A medianoche, al despertarse sin saber por qué, Catherine se encuentra sola en la cama. Alguien ha atizado el fuego de la habitación, y Catherine distingue a través del dosel una sombra que se recorta contra él, una sombra que se vuelve más y más grande a medida que se acerca. Entonces alguien aparta con fuerza la cortina y ella ahoga un grito de horror. Tiene ante sí a su esposo, con el camisón puesto, mirándola como con rabia pero sin ver, ¡y en su mano empuña una pistola!

—Milord, pero ¿qué hacéis? —preguntó, pues no se le ocurrió qué más podía decir.

Él, como si no hubiera reparado en su presencia, se sobresaltó y la observó sorprendido, y ella supo que lo había arrancado del sueño en ese momento, y un escalofrío de pavor le erizó el cabello.

—Había oído un ruido —respondió él—. No sabía qué... Me levanté...

—¿Me reconoces?

—¡Catherine! ¿Por qué no iba a reconocerte?

—Te lo ruego. Piensa que estoy embarazada de tu hijo. No hagas nada que sobresalte este corazón, pues a consecuencia de ello dos corazones son los que sufren, quizá de forma irrevocable. Te ruego que tengas un poco de amabilidad, ¡si no por mí, por tu hijo!

—Cálmate. Cálmate —pidió él al tiempo que desamartillaba y se deshacía de la pistola—. Mira, no hay peligro, ¿ves? Puede que fuera estúpido por mi parte creer lo contrario. No sé qué sería ese ruido.

—Ven a la cama. Es muy tarde.

—Sí.

—Reza conmigo. Nos tranquilizará a ambos.

Y eso fue lo que hizo Alí. Al menos, prestó atención a las plegarias de ella. A pesar de eso, cuando de nuevo estuvo cubierto por sábanas y mantas, calado el gorro de dormir y la mejilla contra la almohada, no pudo cerrar los ojos. Estaba asombrado. En verdad no había oído ruido alguno, no sabía por qué se había levantado de la cama y se había armado, sólo que se debía a razones pertenecientes a otro reino, donde se había ocupado de otros asuntos, todo lo cual había olvidado por completo: reino, asuntos, a sí mismo, a todo y a todos; todo ello se había deslizado como agua entre los dedos, y al despertar no había sabido qué responder a su esposa, excepto que había oído un ruido, ¡cuando en realidad nada había oído!

* * *

Tan pronto como concluyó su luna de melaza y el lord y su dama hubieron regresado a Londres, recibieron en su nueva residencia la visita del abogado Wigmore Bland. Tan sonriente como de costumbre, tan satisfecho de sí mismo y del mundo que se extendía ante él, les llevó las nuevas de que, si bien las perspectivas de éxito de Alí seguían siendo igual de prósperas (lo cual suponía que las perspectivas del propio abogado también lo eran), en lo que a recuperar la abadía concernía, por lo visto, hacían falta meses y años para que se firmaran y aprobaran los documentos pertinentes.

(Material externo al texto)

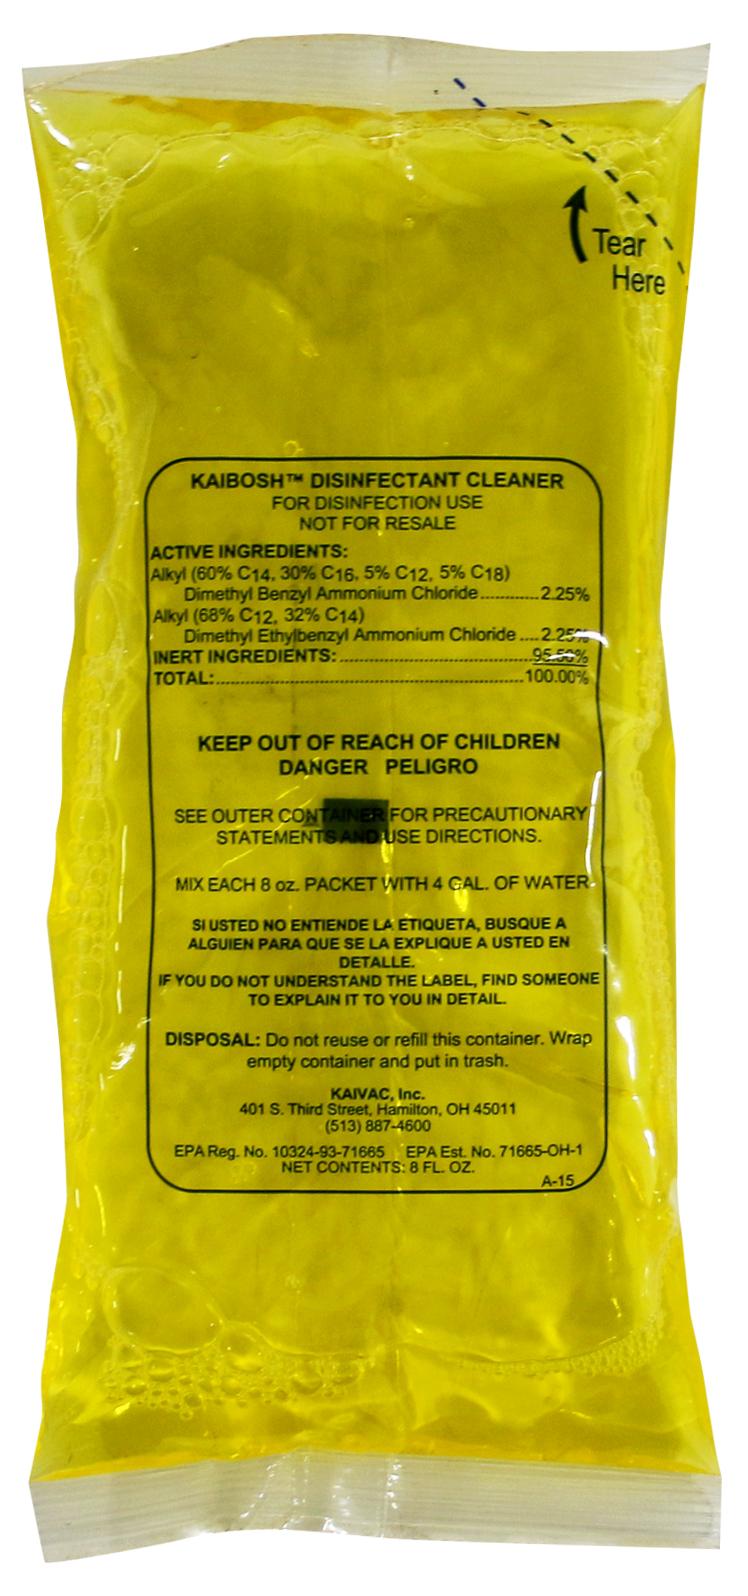 Kaivac KaiBosh Chemical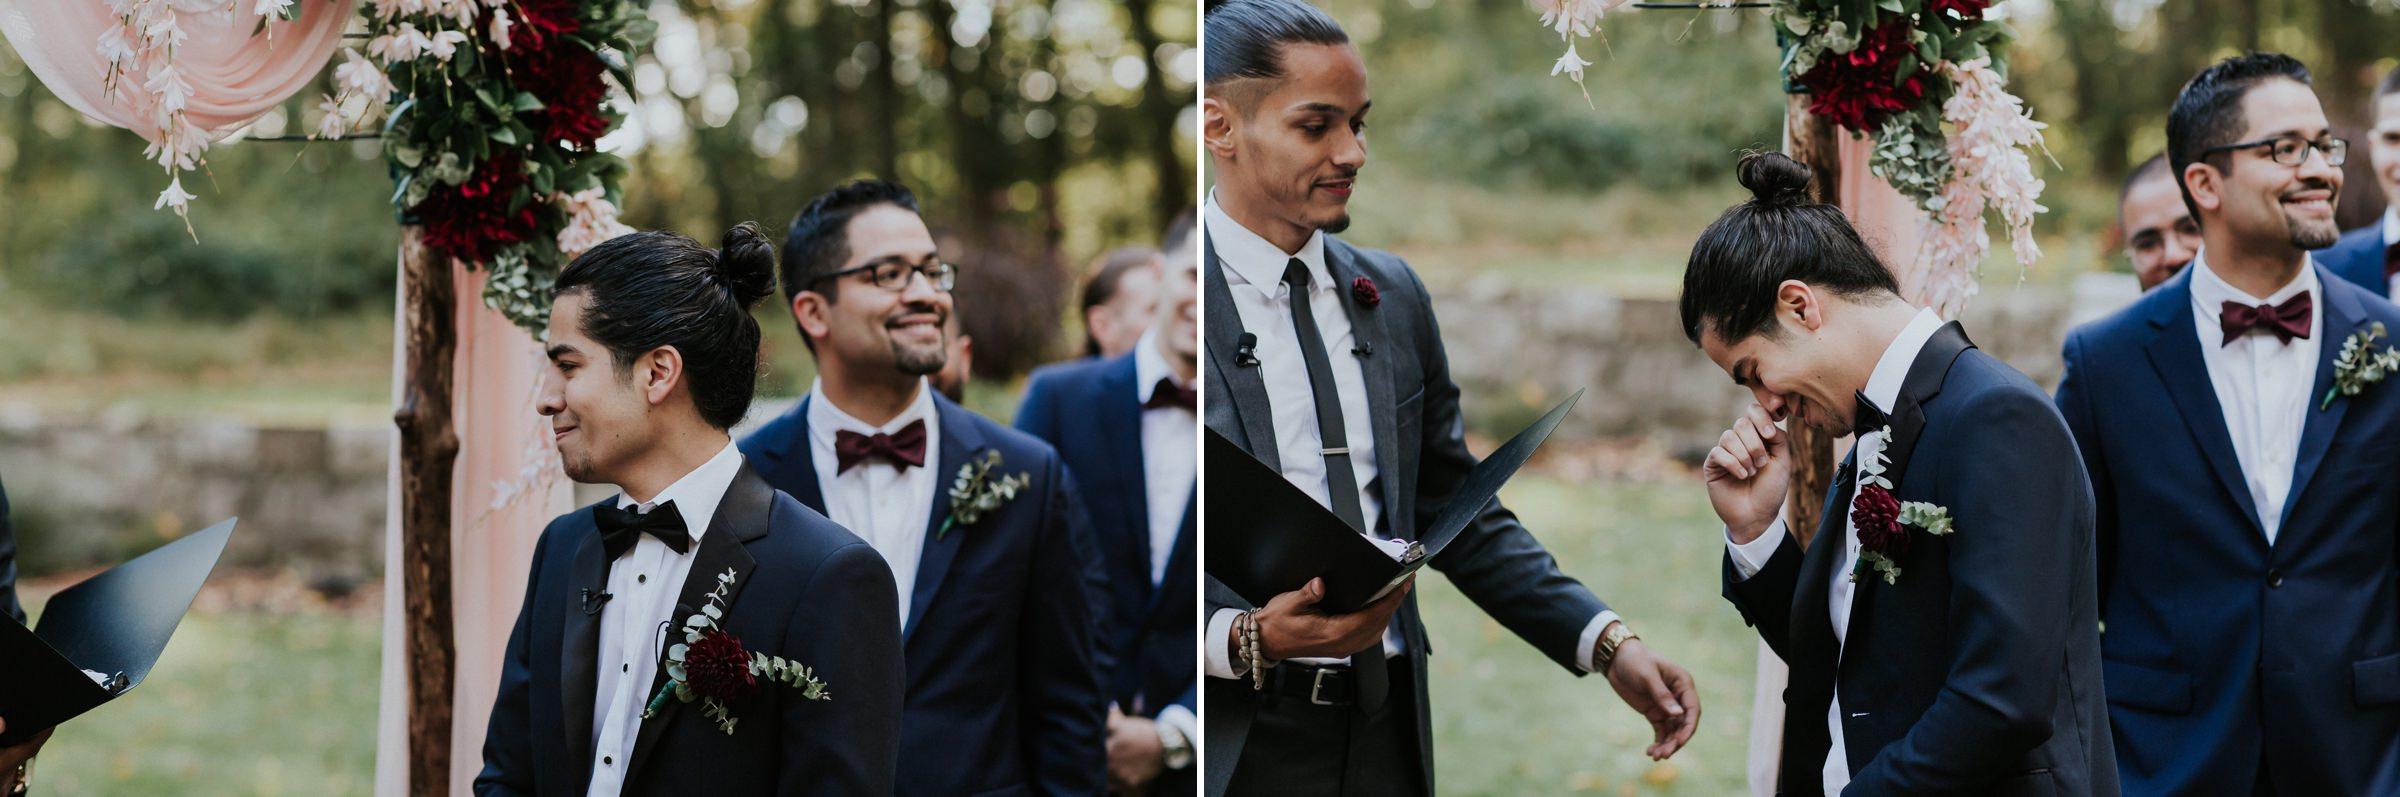 Arrow-Park-Monroe-NY-Documentary-Wedding-Photographer-120.jpg

—No sé cómo habrá sucedido tal cosa —aseguró el señor Bland, cuyo rostro pareció ensombrecerse un tanto, como cuando las nubes ocultan un instante la luz del sol—. El caso es que se ha presentado un recurso ante el Tribunal, en el que se pone en duda que seáis la única persona con derecho a heredar las tierras y propiedades relacionadas con el título. Aseguran que hay otros herederos vivos, y que se entregarán las correspondientes pruebas a su debido tiempo. El juzgado no puede hacer caso omiso de dicho recurso, por insustancial que parezca en este momento.

—¿Cómo? —exclamó su cliente—. ¿A qué otros herederos se refiere? ¿Quién ha presentado ese recurso, tal como lo llama usted?

—Han sido enviados por un tal John Factotum, cuya dirección se desconoce, en nombre de...

—¿En nombre de quién?

—De lord Sane. ¡Joven señor! Creedme, pretenda los fraudes o abusos que pretenda ese tipo, no se saldrá con la suya. ¡Los solucionaremos uno a uno y quedarán en nada!

Alí le rogó que le dijera de qué iba a vivir hasta que llegara ese momento, cómo iba a cuidar de su esposa e hijo, y cómo iba a mantener a raya a los acreedores. El señor Bland declaró que podía vivir bastante tiempo del aire, aunque no para siempre (admitió), y que la cosa estaría reñida entre el caso de Alí en la cancillería y la impaciencia de los acreedores.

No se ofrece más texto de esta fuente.